Suivez nous sur

Quand l'IA pense comme les humains : exploration de l'esprit des LLM et des agents

Des leaders d'opinion

Quand l'IA pense comme les humains : exploration de l'esprit des LLM et des agents

mm

Aujourd'hui, les LLM et les agents apprennent, analysent et prennent des décisions d'une manière qui brouille la frontière entre leur « pensée » algorithmique et l'esprit humain. Les approches sur lesquelles ils s'appuient imitent déjà nos processus cognitifs, et l'ampleur de leur formation dépasse de loin l'expérience humaine. Cela soulève la question : créons-nous un outil qui élargit nos capacités, ou donnons-nous naissance à un nouveau type d'esprit dont les conséquences sont encore impossibles à prévoir ?

Comment pensent les modèles

Il est important de distinguer les concepts de LLM et d'agent. Pour faire une analogie avec un ordinateur, un LLM peut être comparé à l'un de ses composants, par exemple le processeur. Un agent, quant à lui, est le système dans son ensemble, une « carte mère » à laquelle sont connectés différents modules : mémoire, carte graphique et réseau. De même, un agent est un système complexe pouvant intégrer un ou plusieurs LLM, complétés par des mécanismes de prise de décision et des outils d'interaction avec l'environnement externe.

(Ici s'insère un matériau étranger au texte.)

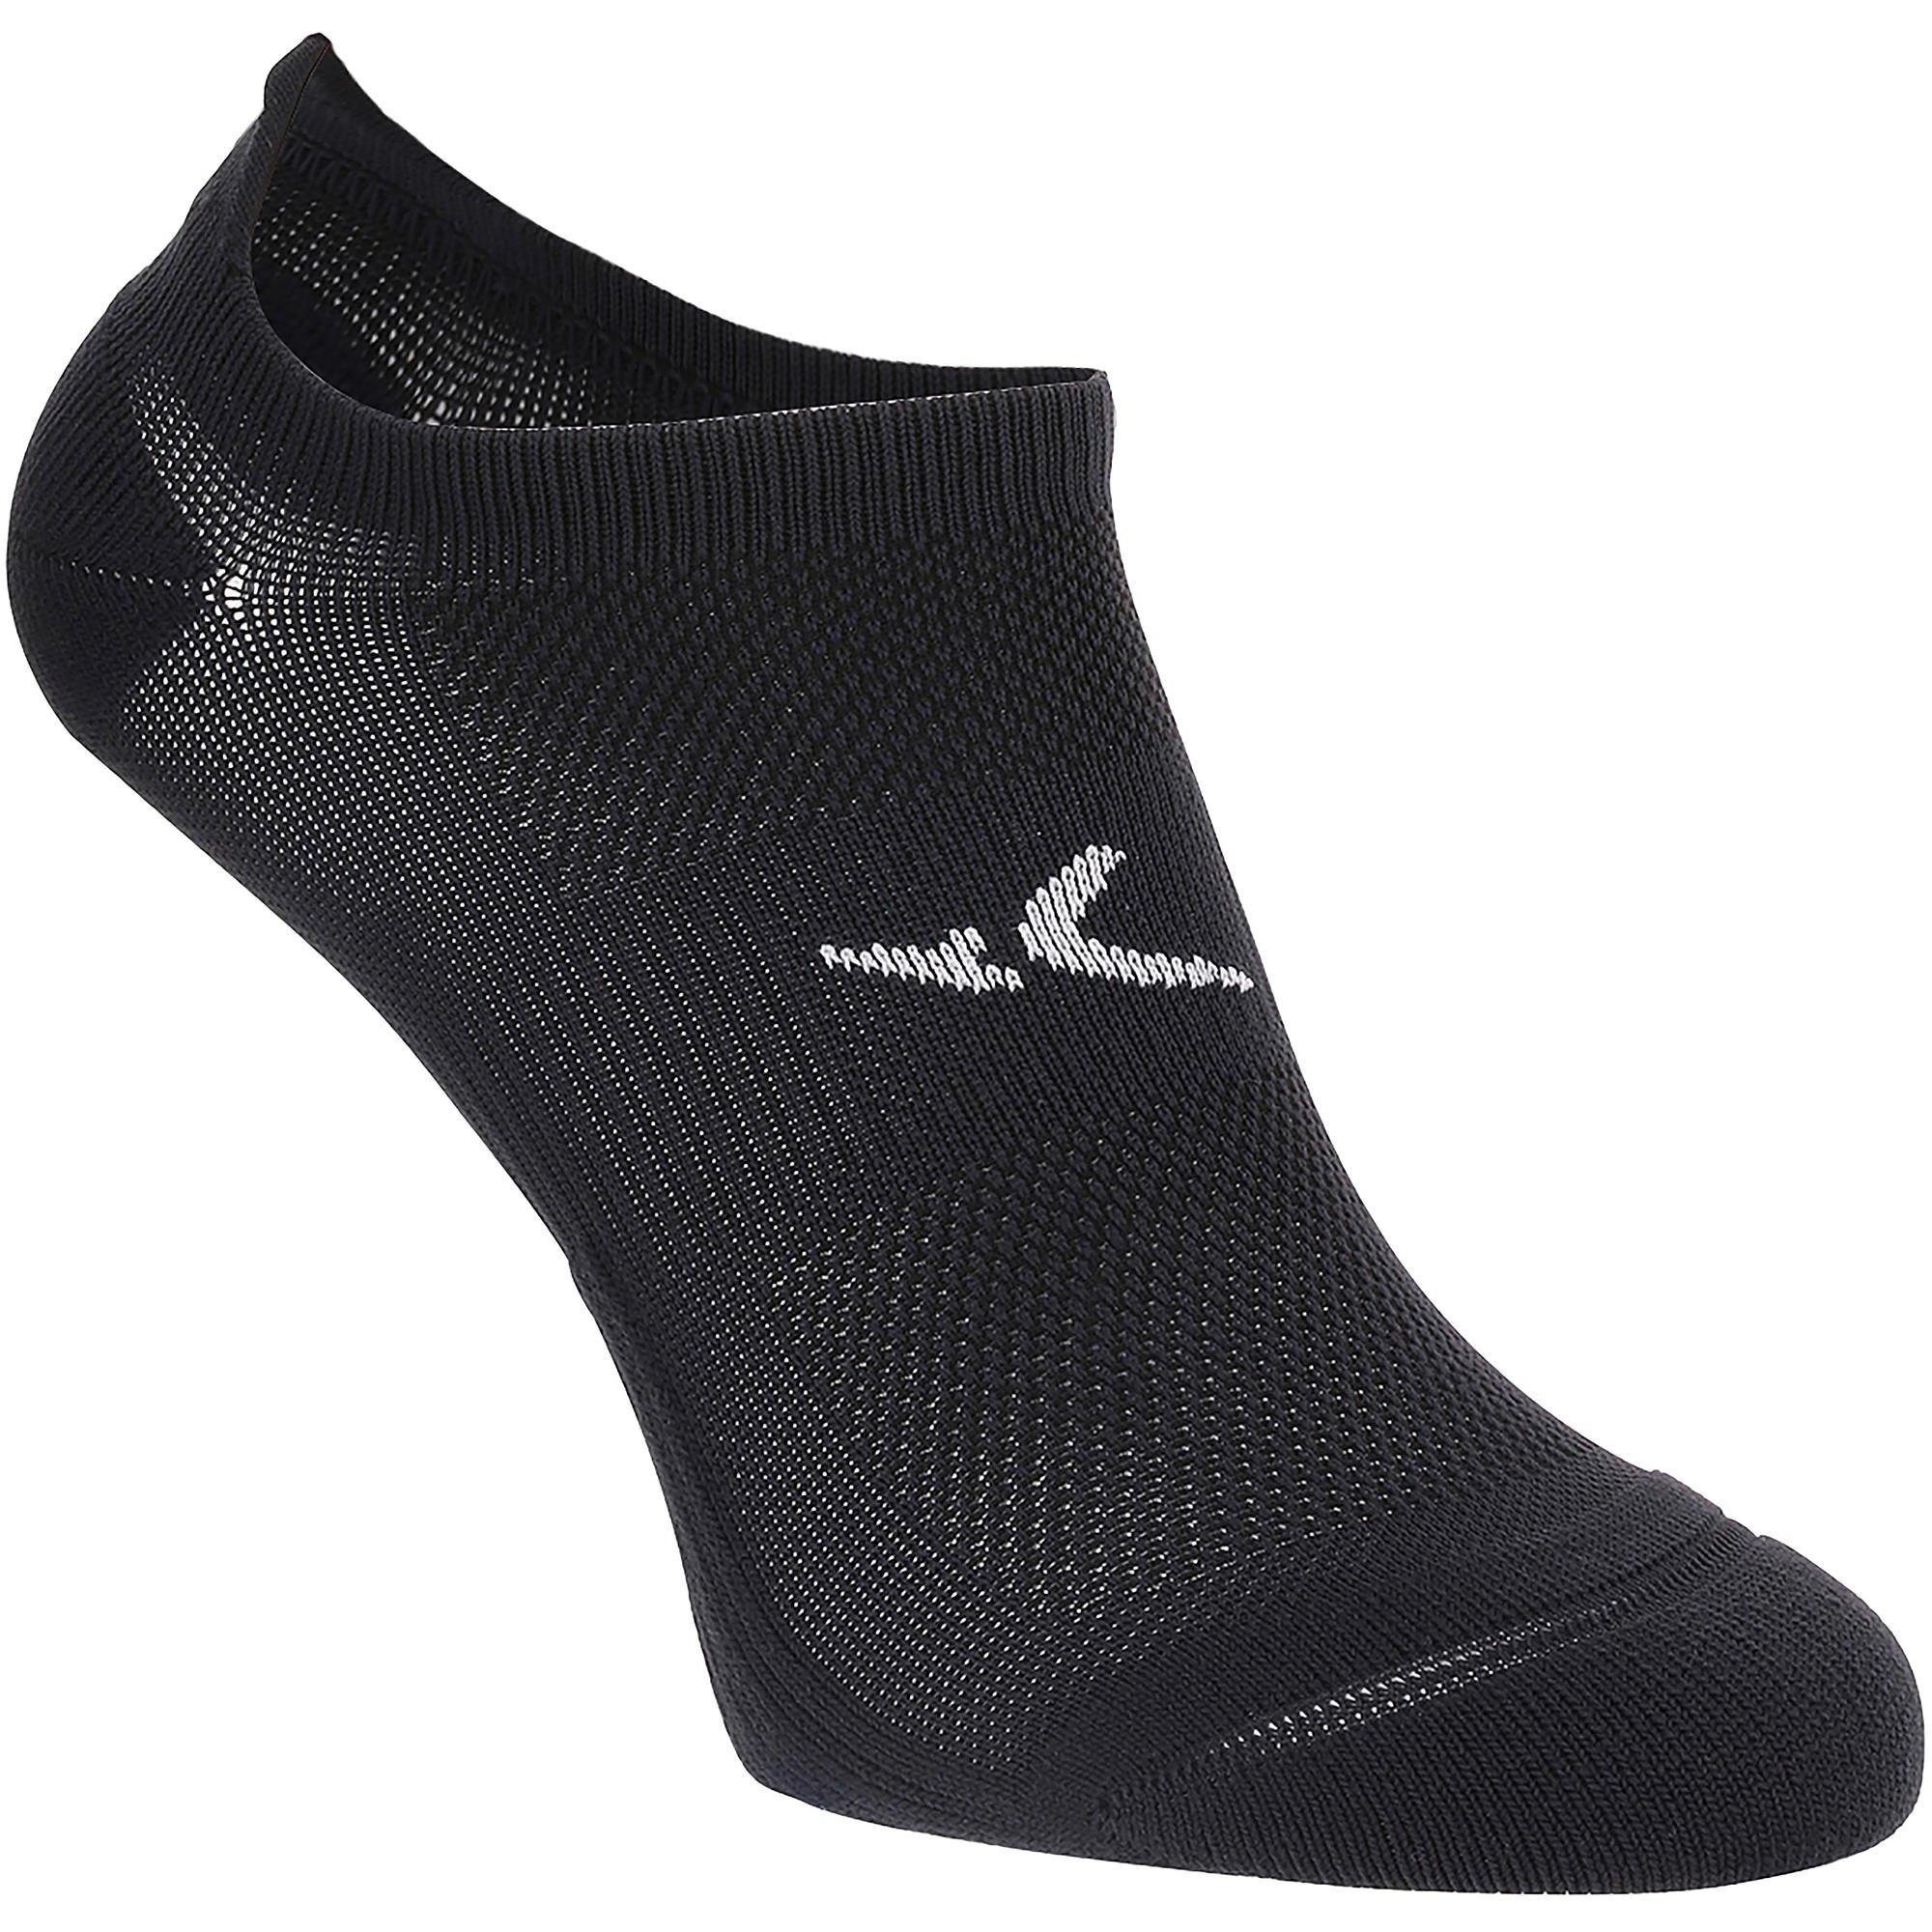 Decathlon Invisible Fitness Cardio Training Socks Twin-Pack

Si l'on considère le travail d'un seul LLM, tout se résume à la recherche de motifs. Cependant, lorsqu'un agent enchaîne plusieurs LLM, on peut dire qu'il « réfléchit », bien que ce processus repose toujours sur des motifs. L'agent construit la logique d'interaction entre les modèles : par exemple, un LLM analyse la tâche et, sur la base de cette analyse, il détermine l'action qu'un autre LLM doit effectuer.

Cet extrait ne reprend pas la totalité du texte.